Resumo
A palavra abstrata é interessante também em inglês.
Abstract, resumo, resumir.
Uma vez eu levei para uma visita ao Masp uma turma das aulas de Arte.
No terceiro andar havia uma exposição do acervo que começava com as obras Abstratas.
Uma professora me perguntou quando estava observando uma das primeiras obras:
Betu, o que é isto?
Não tive nem tempo de respondê-la e um menino de uns dez anos saiu correndo de trás de um biombo e foi respondendo:
Isto é uma Composição com linhas,formas, cores e texturas.
Óbvio que eu nunca me esqueci desta cena.
Incrível.
Já faz um tempo que meus jovens alunos têm alguma noção do Abstracionismo, já que estão tendo aulas de Arte muito boas no Ensino Infantil.
Porém, muitos ainda relacionam o Surrealismo com o Abstracionismo.
É simples entender.
Quando produzem ou encaram uma Obra Surrealista normalmente eles me dizem que a Obra não tem Sentido.
Ou seja, os elementos da imagem nâk têm uma organização que conte uma história real, que faça um sentido direto com que eles conheçam da normal realidade.

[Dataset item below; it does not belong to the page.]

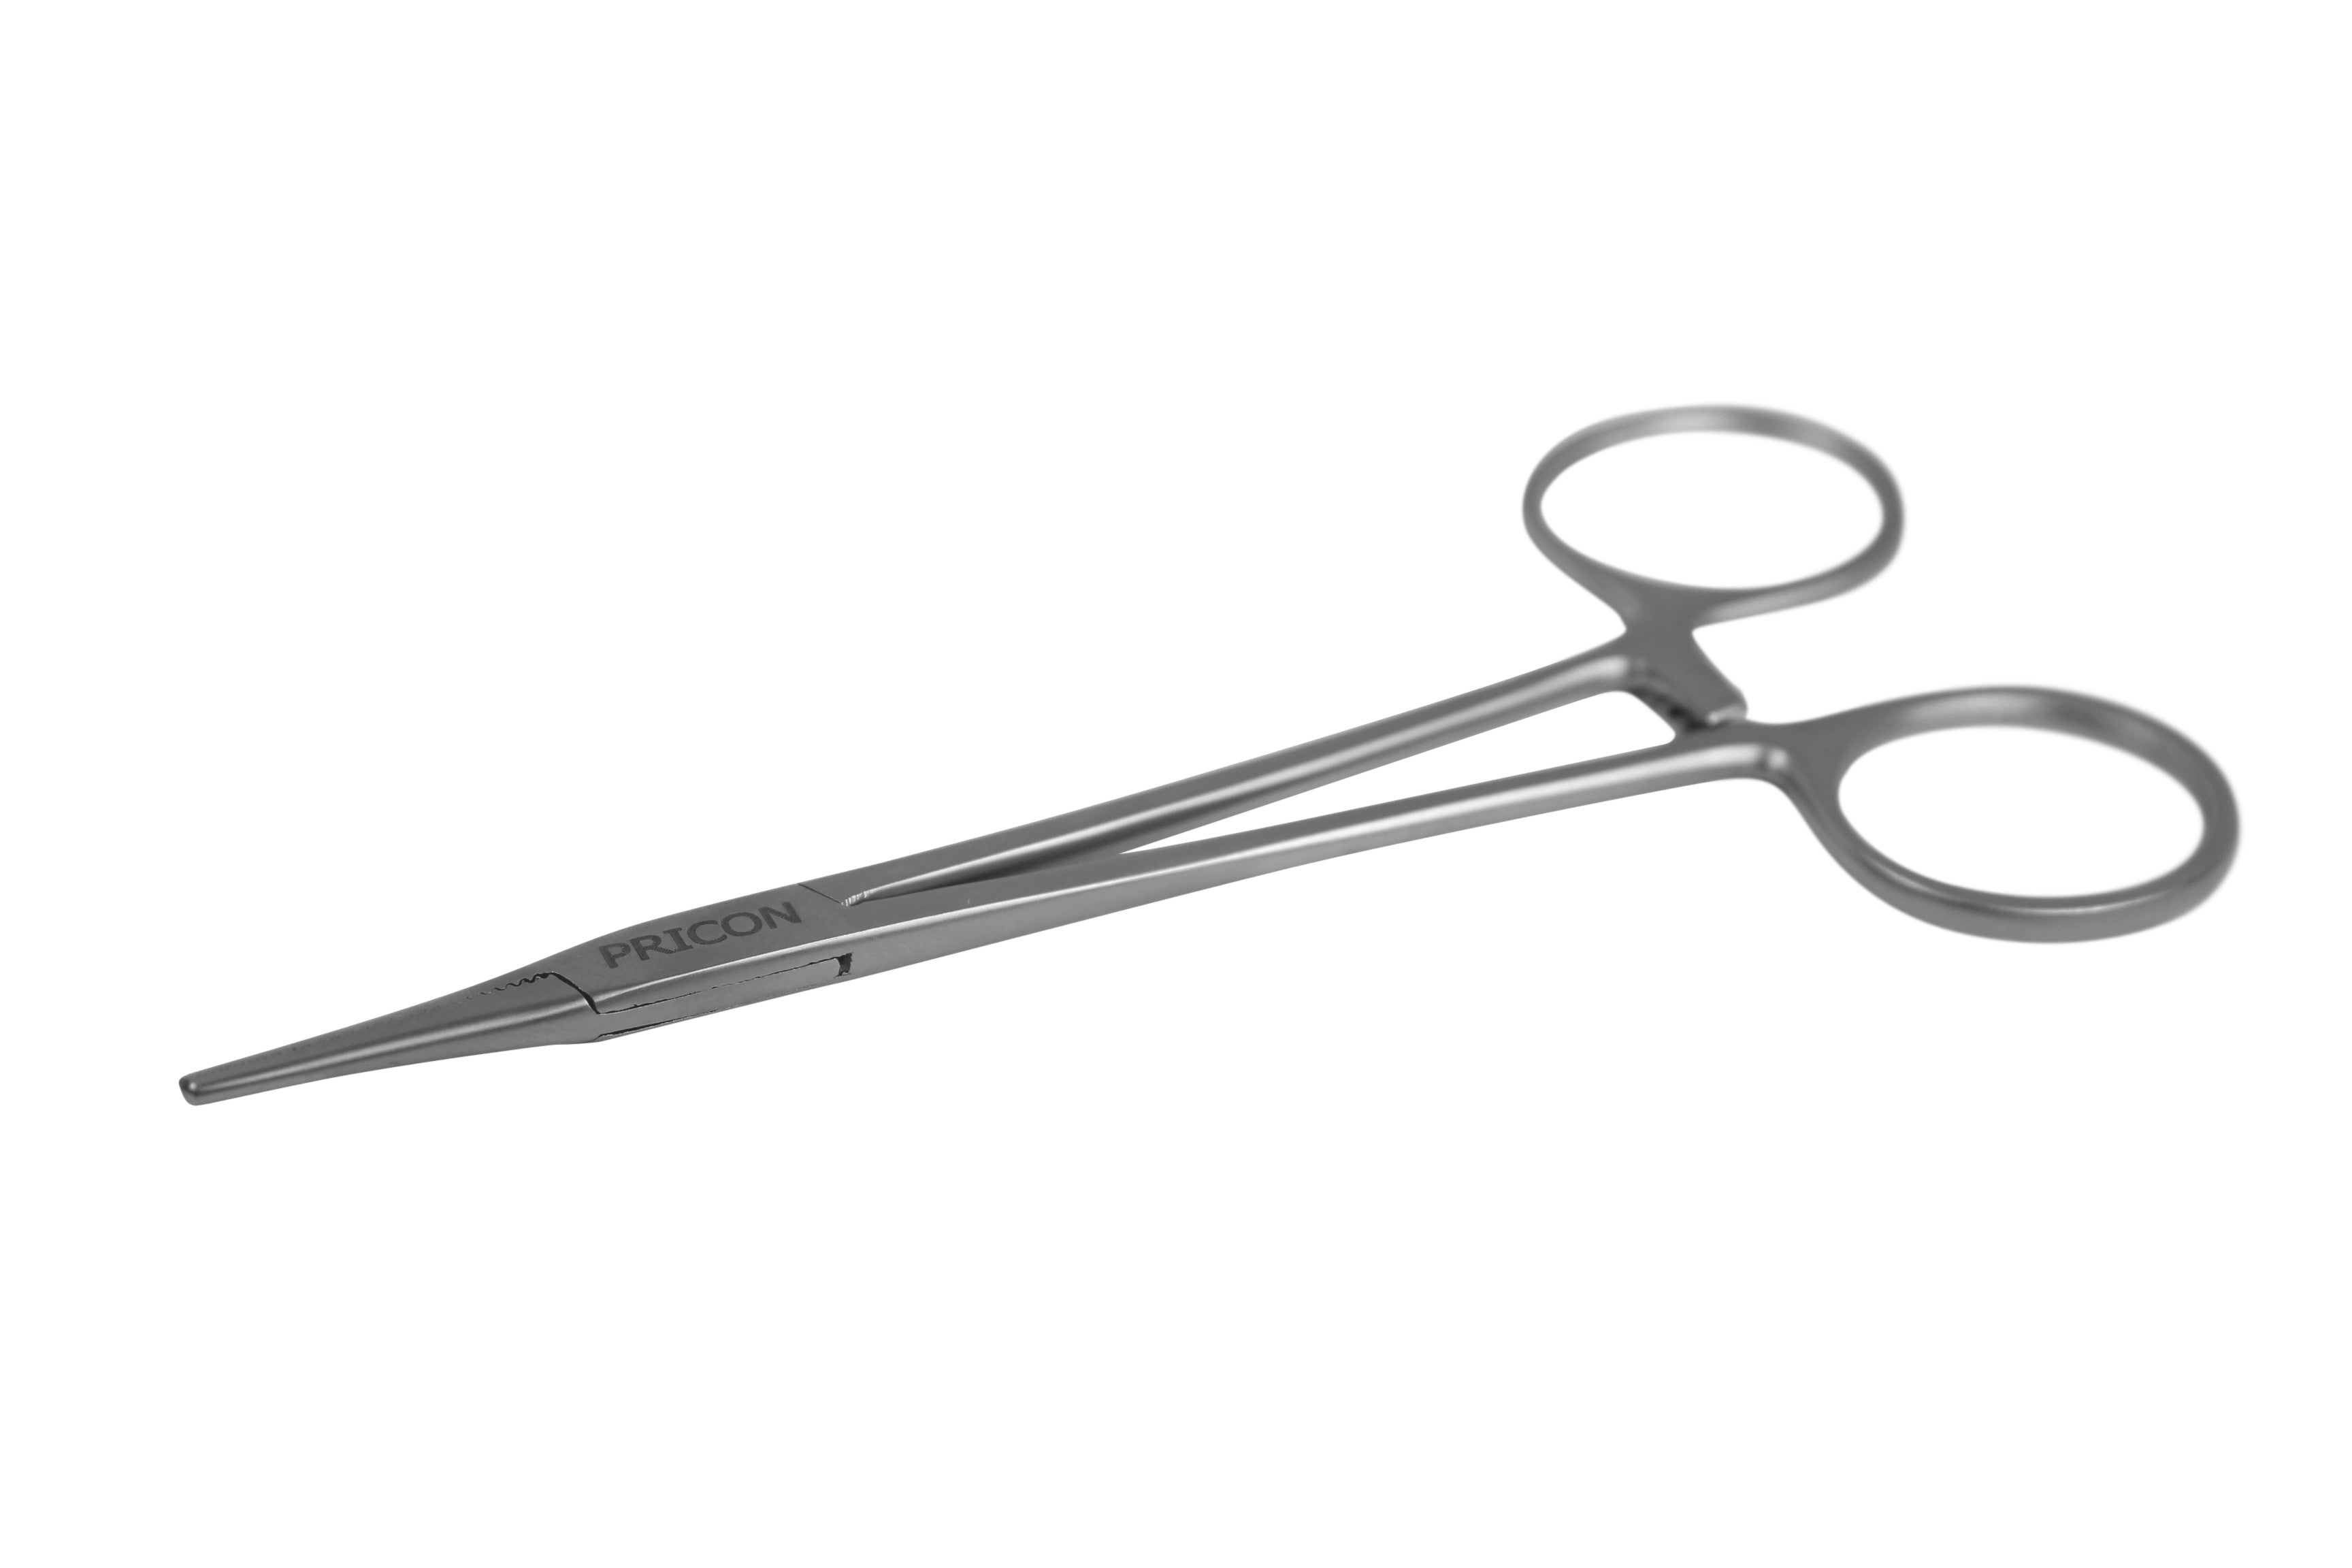 Halstead Mosquito Forceps  Disposable and Reusable Animal Feeding

É quase a mesma sensação que eles têm ao produzir, ou encarar uma obra Abstrata.
Nesta, mais ainda eles não vêm sentido que Abrace a tal Realidade.
São dois movimentos diferentes.
No Surrealismo a história é contada além da realidade, ou mostra coisas impossíveis de acontecer no nosso dia a dia, por isso Surreal.
Ainda hoje existe o Surreal funcionando como gíria.
Cara, isso é Surreal!
Fantástico.
Verbete que por sinal nasce do verbete Fantasia.
Já no abstracionismo, como disse o menino de dez anos, que hoje deve estar casado e com filhos, a história é contada plasticamente.
Através de cores, tons, texturas, linhas e formas.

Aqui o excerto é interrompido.